Good Cycle for Massive Gains


Hey guys,

I have decided that I want to do a serious cycle and add serious muscle size.

Some background: I am 36 years old, 200 pounds, and very low body fat (8-9%). I have been lifting consistently for about 14 years and have seen some decent gains. I’ve tried a 2-3 very mellow cycles one was only deca. 500 a week for 8 weeks and the other was test (300 a week) and Deca 500 ( a week) for 8 weeks. I added about 10 pounds.

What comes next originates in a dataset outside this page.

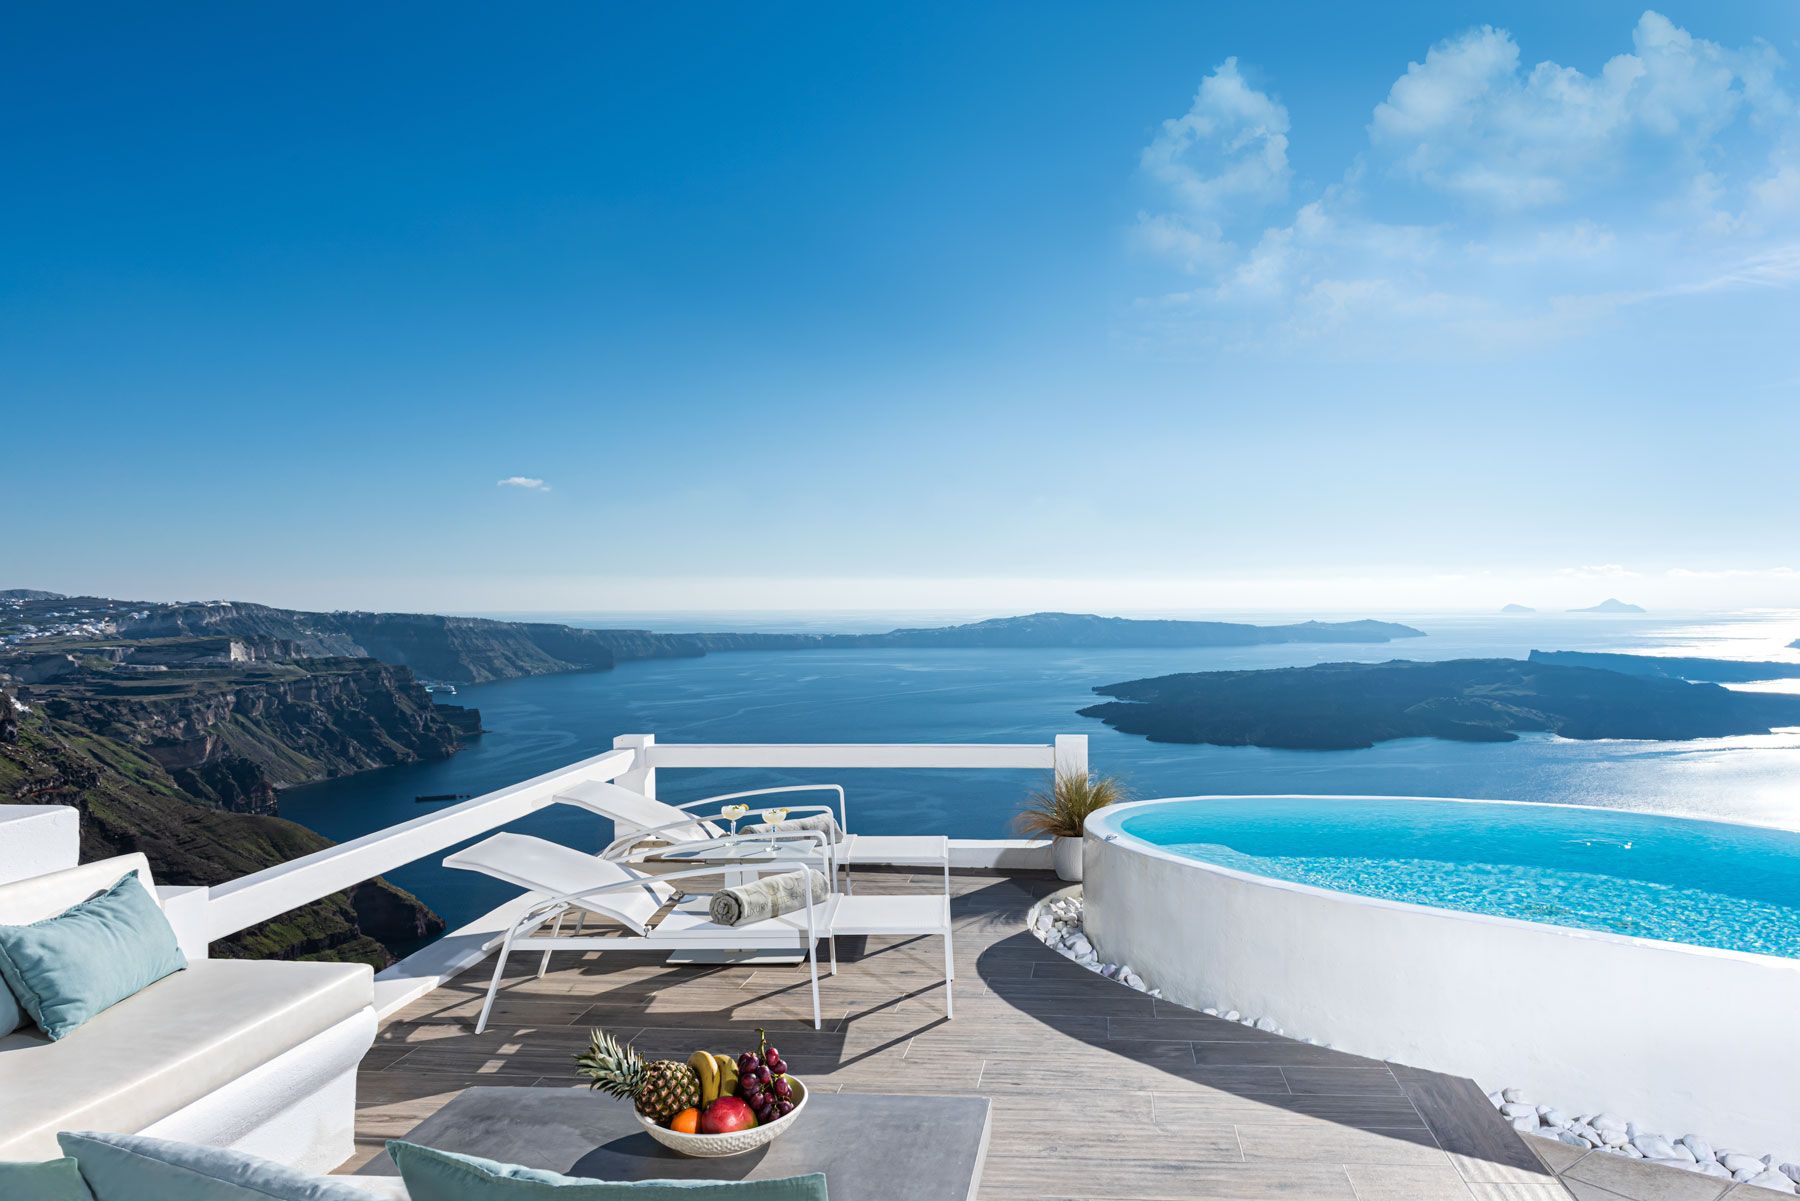 Aqua luxury suites Σουίτες στην Σαντορίνη Ημεροβίγλι, Εσωτερικός & Αρχιτεκτονικός σχεδιασμός πολυτελών σουιτών με ιδιωτική πισίνα

It is time for me to do a real cycle- HGH with IGF tren?., this is my first time on this forum or any bodybuilding forum Definitely would like some guidance from people on this forum. T-Nation has been my primary source of information for years, I am looking for a quality advice and I know I can get it here.

Looking forward to your replies. Thanks guys!

Read the stickies please. You haven’t given us nearly enough to work with.

Ok let me try again
I am 36 years old weight 200 lbs height 5 10. Currently doing a getting big work out program I split my work out program and doing one day chest and back, one day shoulders, one day arms , one day legs keeping the weight at a 4-6 and 8-12 reps. Heavy medium weight . super sets everything
Previous cycle: Did two cycles of Deca 300 mg per week for 8 weeks.
Last cycle :
Week / Test.E / Winstrol :

  1. 500mg/ /day 50mg/day
  2. 500mg/day 50mg/day
  3. 500mg/day 50mg/day
  4. 500mg/day 50mg/day
  5. 500mg/week
  6. 500mg/week
  7. 500mg/week
  8. 500mg/week
  9. 500mg/week
    I tried to take oral dbol make me feel sick so I stopped immediately. Deca worked very well for me in the past. not huge gains. About 10 lbs in 10 weeks. When I got off the test in the last cycle I got really depress I read it has that side effect on some people. I would prefer to avoid it .

My Goals: getting bigger adding muscle mass.
Thinking to do HGH and IGF with tren?
Not sure how exactly to take them yet .this is all new to me. Please let me know what you think guys.
Thanks.

Please, read the stickies and try again.

You will get help, but we aren’t going to spoon feed you.

Ok Here is the cycle I was thinking about:

Here is the cycle I was thinking of.

  • WEEKS 1-6: Anapolon (wk1 50mg per day, wk2 100mg per day, wk3 150mg per day, wk4 150mg per day, wk5 100mg per day, wk6 50mg per day)
    • WEEKS 1-6: Trenabol (75mg Every Other Day)

    • WEEKS 1-8: Testosterone Enanthate (1000 mg Per Week)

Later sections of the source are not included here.